Städtischer Schlachthof mit eklatanten Mängeln

Mayor Otaño: Der städtische Schlachthof aus der Gemeinde Mayor Otaño soll es mit den Vorschriften bei der Behandlung von Tieren nicht so genau nehmen. Schlimmer noch, es kommt anscheinend zu eklatanten hygienischen Verletzungen, die die Verbraucher krank machen können.

Nun demonstrierten heute Vertreter von Tierschutz- und sozialen Organisationen vor dem Schlachtbetrieb.
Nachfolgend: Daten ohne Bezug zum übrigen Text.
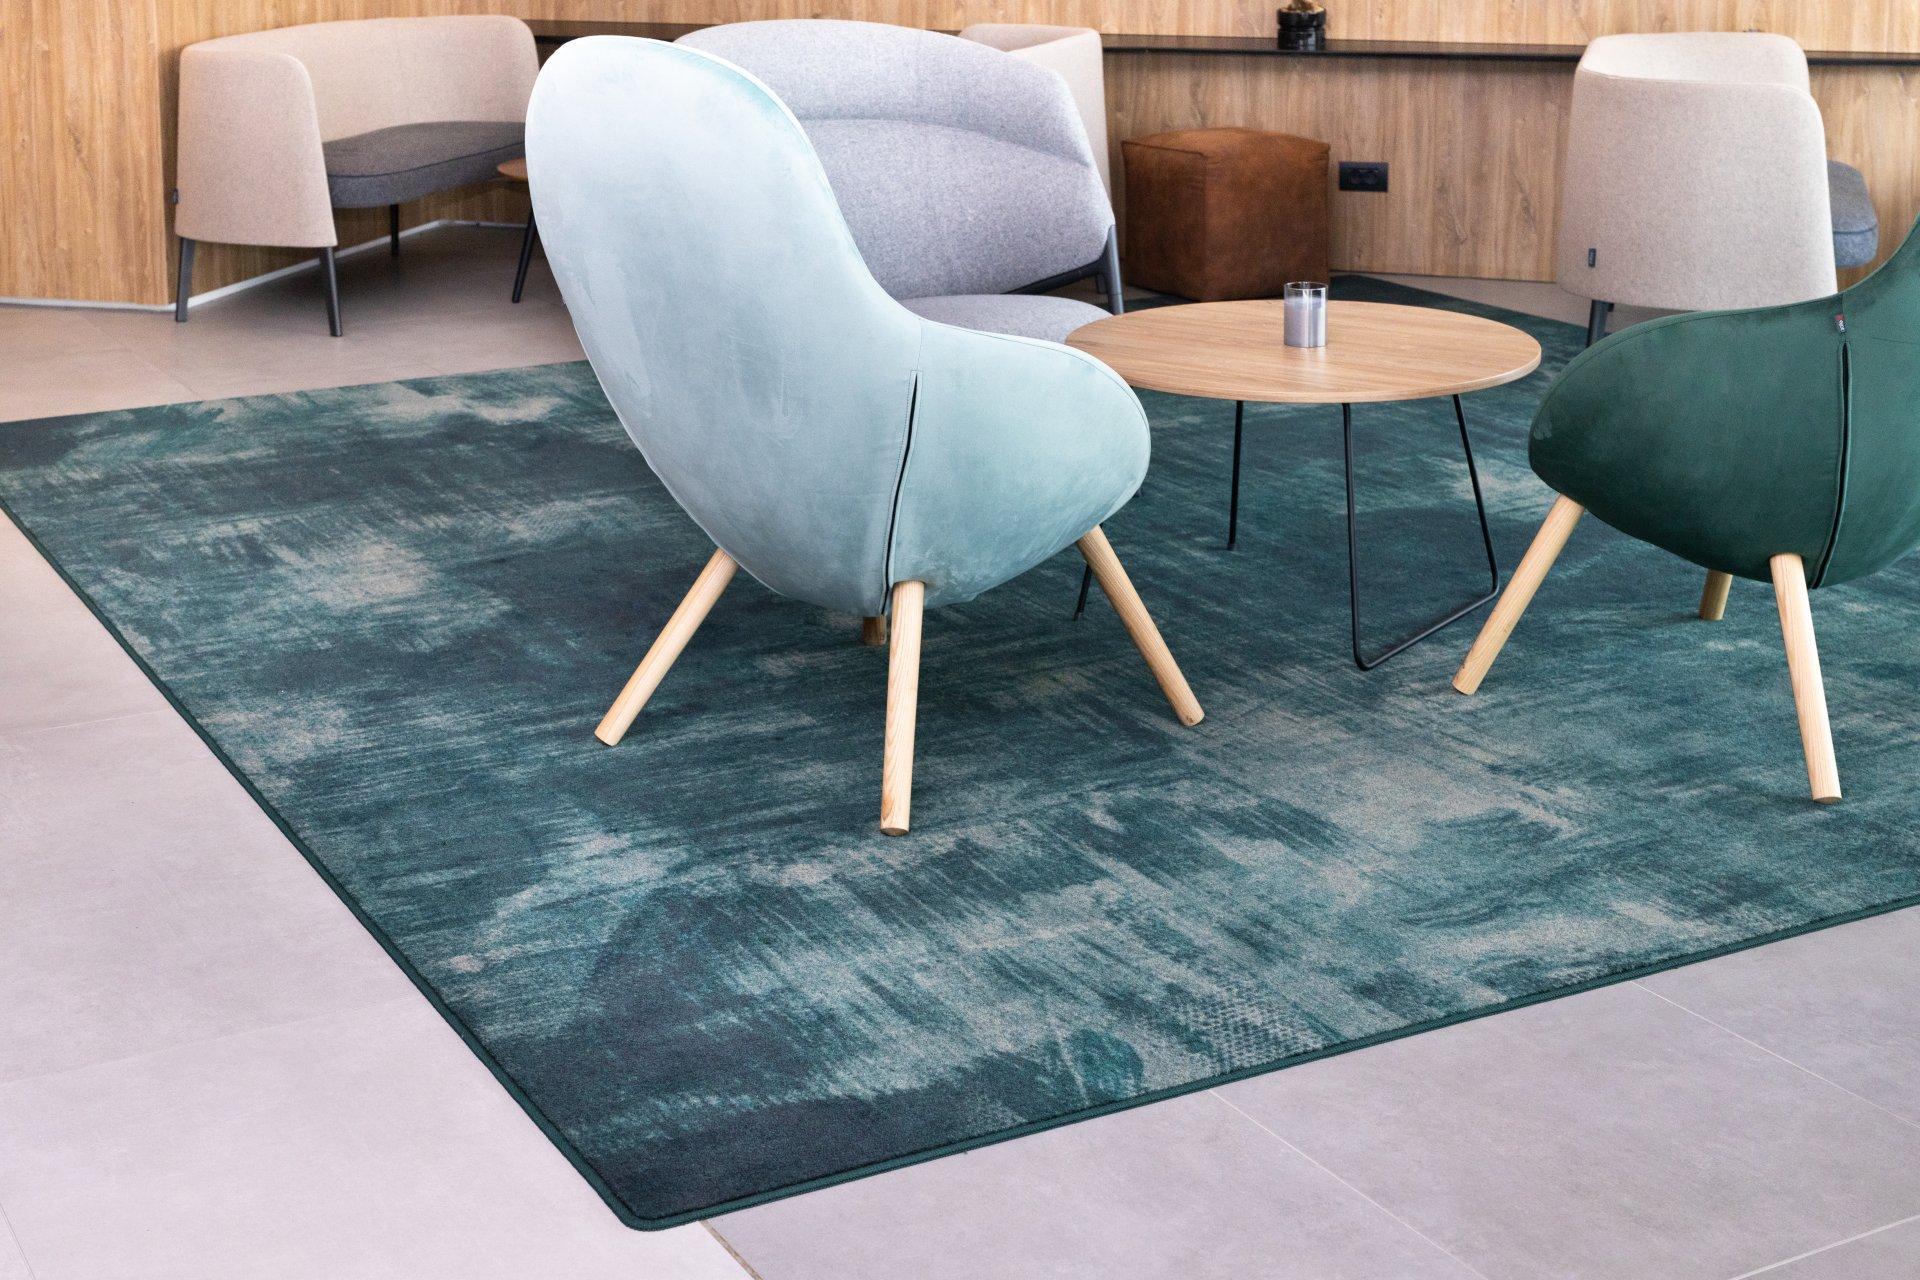 20200625-carpet-and-more-hilton-otopeni-37

Als Unregelmäßigkeiten bei der Tierverarbeitung nannten die Demonstranten die Schlachtung ohne sanitäre Kontrolle, von kranken Tieren und den Verkauf von Fleisch ohne Kontrolle an örtliche Metzgereien.
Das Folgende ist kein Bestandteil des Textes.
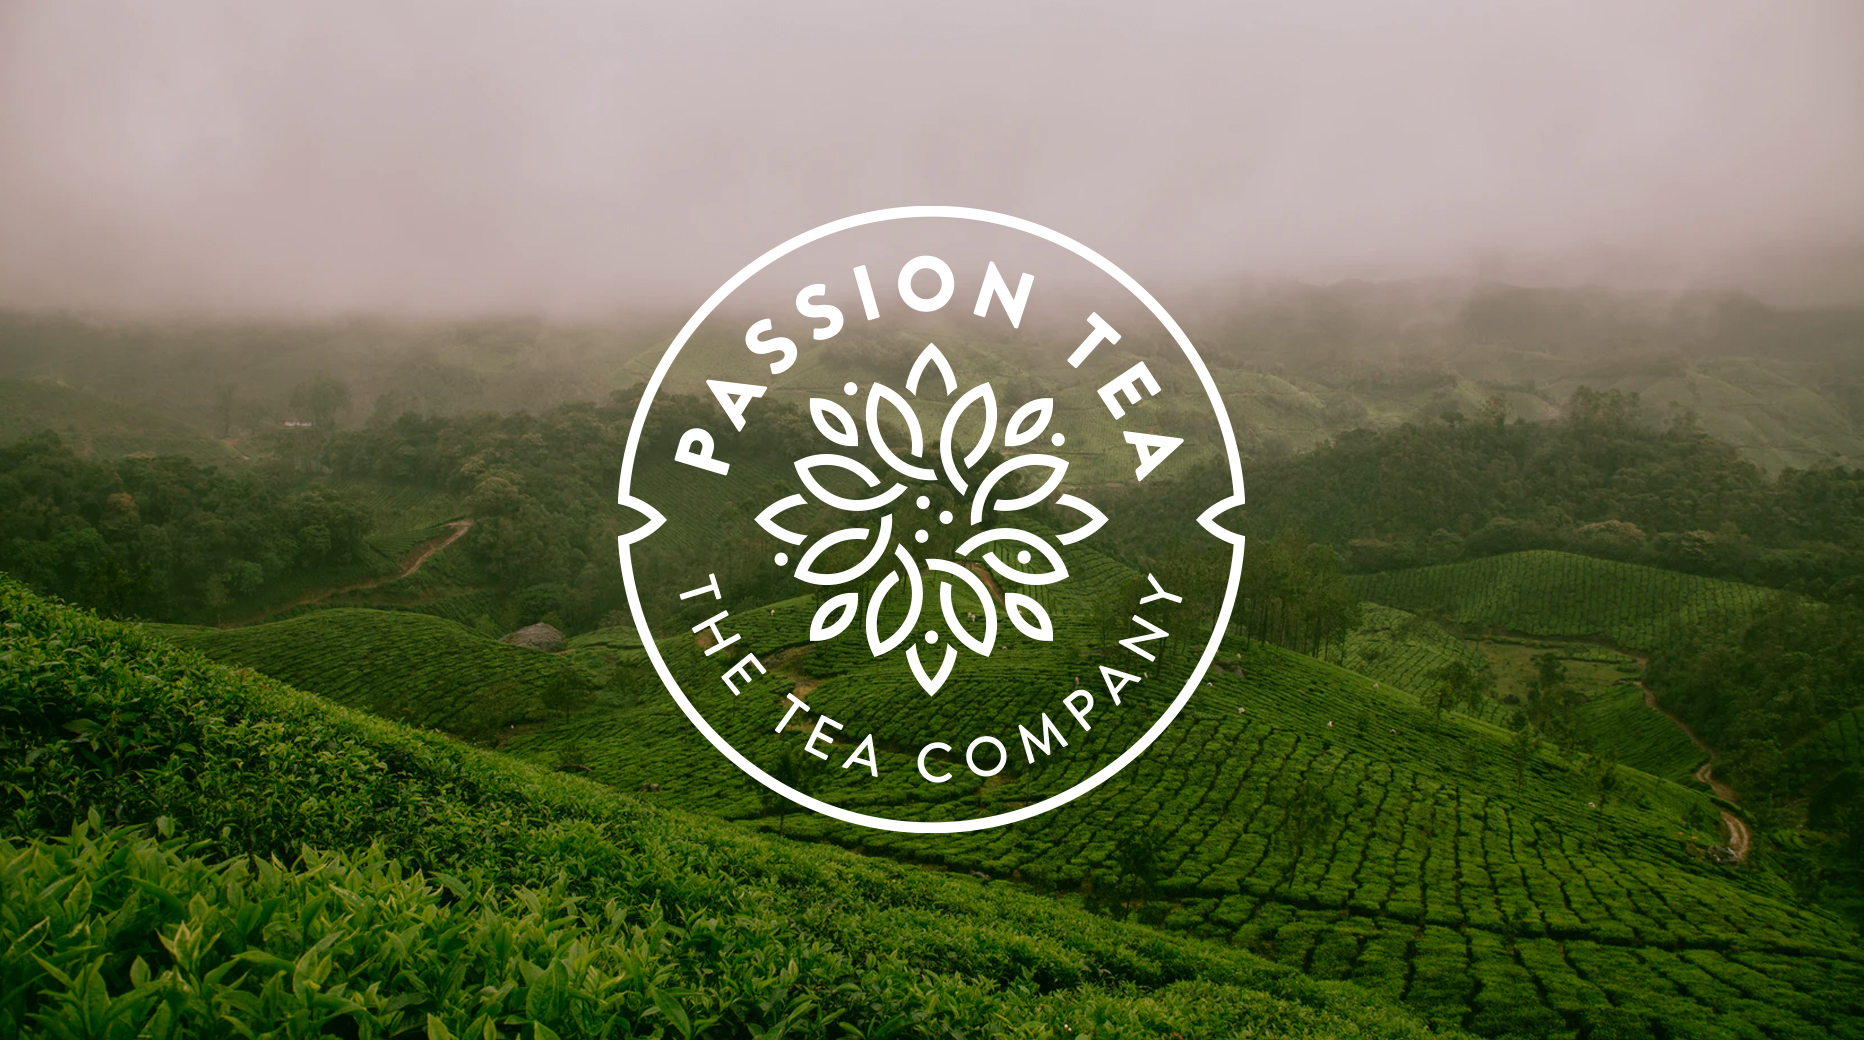 Rebranding for Passion Tea Product Line of the Cafés Cornellà Brand

Rogelio Duarte, einer der Organisatoren von dem Protest, erklärte, dass die kommunalen Behörden informiert worden seien aber keine Reaktion von Seiten des Bürgermeisters erfolge. Er macht sich Sorgen um die Gesundheit der Bewohner in der Stadt.

Duarte klagte darüber, dass eine Anzeige bei der Staatsanwaltschaft im Distrikt erfolgt sei, diese aber zurückgewiesen wäre. Zuerst, so die Strafverfolgungsbehörde, müsse das Vergehen bei dem Umweltsekretariat Seam angezeigt werden, dann könne die Staatsanwaltschaft einschreiten.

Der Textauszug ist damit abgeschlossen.